**Task details**
Please find all lines containing "Fashion" in the listing below and copy them.

[The input]

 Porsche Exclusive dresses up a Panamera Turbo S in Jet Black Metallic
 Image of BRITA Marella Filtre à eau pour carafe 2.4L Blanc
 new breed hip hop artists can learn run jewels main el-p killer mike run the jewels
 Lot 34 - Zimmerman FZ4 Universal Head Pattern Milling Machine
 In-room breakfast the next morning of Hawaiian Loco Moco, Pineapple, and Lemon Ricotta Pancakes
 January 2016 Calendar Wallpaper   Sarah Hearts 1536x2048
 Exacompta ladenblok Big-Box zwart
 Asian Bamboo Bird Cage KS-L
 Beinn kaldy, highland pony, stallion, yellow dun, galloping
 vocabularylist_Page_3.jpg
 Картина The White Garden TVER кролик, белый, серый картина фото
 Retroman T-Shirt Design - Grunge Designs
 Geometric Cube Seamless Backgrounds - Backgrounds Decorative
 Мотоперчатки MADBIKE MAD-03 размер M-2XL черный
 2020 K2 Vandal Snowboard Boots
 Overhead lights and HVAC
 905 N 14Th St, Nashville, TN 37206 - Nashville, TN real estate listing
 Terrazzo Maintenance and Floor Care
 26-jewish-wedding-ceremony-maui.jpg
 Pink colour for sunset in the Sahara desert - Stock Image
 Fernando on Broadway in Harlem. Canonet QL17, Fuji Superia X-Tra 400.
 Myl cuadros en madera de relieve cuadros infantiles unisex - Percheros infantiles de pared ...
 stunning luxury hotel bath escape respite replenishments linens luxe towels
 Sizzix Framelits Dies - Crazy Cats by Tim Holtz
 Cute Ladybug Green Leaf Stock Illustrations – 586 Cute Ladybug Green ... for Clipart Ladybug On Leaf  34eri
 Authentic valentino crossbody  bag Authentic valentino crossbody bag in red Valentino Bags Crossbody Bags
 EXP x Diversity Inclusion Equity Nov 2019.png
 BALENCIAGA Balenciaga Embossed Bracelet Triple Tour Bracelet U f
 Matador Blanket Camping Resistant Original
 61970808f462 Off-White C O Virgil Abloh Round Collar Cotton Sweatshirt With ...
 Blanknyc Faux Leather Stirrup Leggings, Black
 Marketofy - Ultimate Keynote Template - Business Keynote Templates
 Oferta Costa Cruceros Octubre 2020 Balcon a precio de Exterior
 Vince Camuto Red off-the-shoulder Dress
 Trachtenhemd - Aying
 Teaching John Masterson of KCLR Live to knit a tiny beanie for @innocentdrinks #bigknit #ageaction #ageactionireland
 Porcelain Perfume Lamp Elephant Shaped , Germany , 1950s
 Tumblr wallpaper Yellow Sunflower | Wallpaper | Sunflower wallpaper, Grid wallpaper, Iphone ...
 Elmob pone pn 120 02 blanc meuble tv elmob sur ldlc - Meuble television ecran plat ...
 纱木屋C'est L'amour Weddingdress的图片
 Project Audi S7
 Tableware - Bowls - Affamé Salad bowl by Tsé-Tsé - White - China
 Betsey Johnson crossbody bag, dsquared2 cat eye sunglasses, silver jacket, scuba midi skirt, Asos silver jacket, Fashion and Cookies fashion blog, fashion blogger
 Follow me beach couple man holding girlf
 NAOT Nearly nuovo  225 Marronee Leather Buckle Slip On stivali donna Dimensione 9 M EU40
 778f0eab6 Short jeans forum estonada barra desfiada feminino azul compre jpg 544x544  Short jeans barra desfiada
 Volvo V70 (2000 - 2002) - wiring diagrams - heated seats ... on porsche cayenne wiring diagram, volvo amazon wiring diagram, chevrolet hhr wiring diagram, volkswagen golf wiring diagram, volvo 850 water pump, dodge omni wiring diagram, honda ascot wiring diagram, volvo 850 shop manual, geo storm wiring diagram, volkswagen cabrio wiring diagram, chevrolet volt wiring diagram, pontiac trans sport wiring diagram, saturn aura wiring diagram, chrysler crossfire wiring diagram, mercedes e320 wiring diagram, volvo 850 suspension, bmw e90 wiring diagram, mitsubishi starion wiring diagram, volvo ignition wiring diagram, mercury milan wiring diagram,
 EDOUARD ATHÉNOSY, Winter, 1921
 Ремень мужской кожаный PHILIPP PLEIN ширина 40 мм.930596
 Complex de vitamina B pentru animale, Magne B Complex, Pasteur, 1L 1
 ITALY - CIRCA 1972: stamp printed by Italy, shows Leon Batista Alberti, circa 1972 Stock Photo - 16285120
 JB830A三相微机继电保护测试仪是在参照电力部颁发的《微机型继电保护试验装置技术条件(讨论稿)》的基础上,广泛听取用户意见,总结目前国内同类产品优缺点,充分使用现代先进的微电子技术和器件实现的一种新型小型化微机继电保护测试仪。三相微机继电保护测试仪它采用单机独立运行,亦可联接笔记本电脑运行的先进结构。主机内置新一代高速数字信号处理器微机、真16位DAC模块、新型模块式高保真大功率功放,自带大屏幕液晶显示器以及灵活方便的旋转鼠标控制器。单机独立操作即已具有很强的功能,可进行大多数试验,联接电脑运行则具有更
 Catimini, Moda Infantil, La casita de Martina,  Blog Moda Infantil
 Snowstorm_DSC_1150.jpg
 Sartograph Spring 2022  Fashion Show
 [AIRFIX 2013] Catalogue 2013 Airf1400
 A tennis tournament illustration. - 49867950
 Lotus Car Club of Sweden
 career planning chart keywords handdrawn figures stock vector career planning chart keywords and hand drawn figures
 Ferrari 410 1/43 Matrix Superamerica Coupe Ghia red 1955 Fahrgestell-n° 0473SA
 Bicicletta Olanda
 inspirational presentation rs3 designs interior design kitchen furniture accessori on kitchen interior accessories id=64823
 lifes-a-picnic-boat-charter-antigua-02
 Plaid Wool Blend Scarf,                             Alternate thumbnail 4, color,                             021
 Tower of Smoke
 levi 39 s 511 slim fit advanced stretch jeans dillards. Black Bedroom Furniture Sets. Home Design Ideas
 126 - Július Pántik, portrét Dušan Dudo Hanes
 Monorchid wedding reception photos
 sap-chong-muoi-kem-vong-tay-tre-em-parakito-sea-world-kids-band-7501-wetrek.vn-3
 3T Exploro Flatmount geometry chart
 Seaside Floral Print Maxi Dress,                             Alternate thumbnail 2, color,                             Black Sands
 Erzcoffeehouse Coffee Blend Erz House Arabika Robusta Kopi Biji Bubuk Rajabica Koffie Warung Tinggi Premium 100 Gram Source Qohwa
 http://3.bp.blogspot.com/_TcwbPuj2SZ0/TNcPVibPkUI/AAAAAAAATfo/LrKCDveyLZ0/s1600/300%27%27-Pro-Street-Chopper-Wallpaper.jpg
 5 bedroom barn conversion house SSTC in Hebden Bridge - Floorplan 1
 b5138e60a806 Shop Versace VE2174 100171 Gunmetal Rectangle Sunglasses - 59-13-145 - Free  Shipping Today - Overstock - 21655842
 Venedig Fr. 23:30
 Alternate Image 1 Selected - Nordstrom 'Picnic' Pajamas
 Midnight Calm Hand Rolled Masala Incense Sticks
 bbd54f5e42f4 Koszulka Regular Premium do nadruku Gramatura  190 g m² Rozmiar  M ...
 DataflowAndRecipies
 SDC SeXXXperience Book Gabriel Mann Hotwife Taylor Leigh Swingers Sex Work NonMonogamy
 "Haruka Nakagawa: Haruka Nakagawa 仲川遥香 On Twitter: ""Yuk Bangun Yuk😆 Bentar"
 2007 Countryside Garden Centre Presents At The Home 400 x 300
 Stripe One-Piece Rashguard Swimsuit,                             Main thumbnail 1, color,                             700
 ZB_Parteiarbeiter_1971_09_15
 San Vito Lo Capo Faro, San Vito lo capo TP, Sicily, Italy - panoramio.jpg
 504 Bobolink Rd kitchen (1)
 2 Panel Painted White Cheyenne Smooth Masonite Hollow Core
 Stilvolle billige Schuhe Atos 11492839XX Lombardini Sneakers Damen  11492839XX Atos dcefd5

[/The input]

**Answer for this exercise**
 Betsey Johnson crossbody bag, dsquared2 cat eye sunglasses, silver jacket, scuba midi skirt, Asos silver jacket, Fashion and Cookies fashion blog, fashion blogger
 Sartograph Spring 2022  Fashion Show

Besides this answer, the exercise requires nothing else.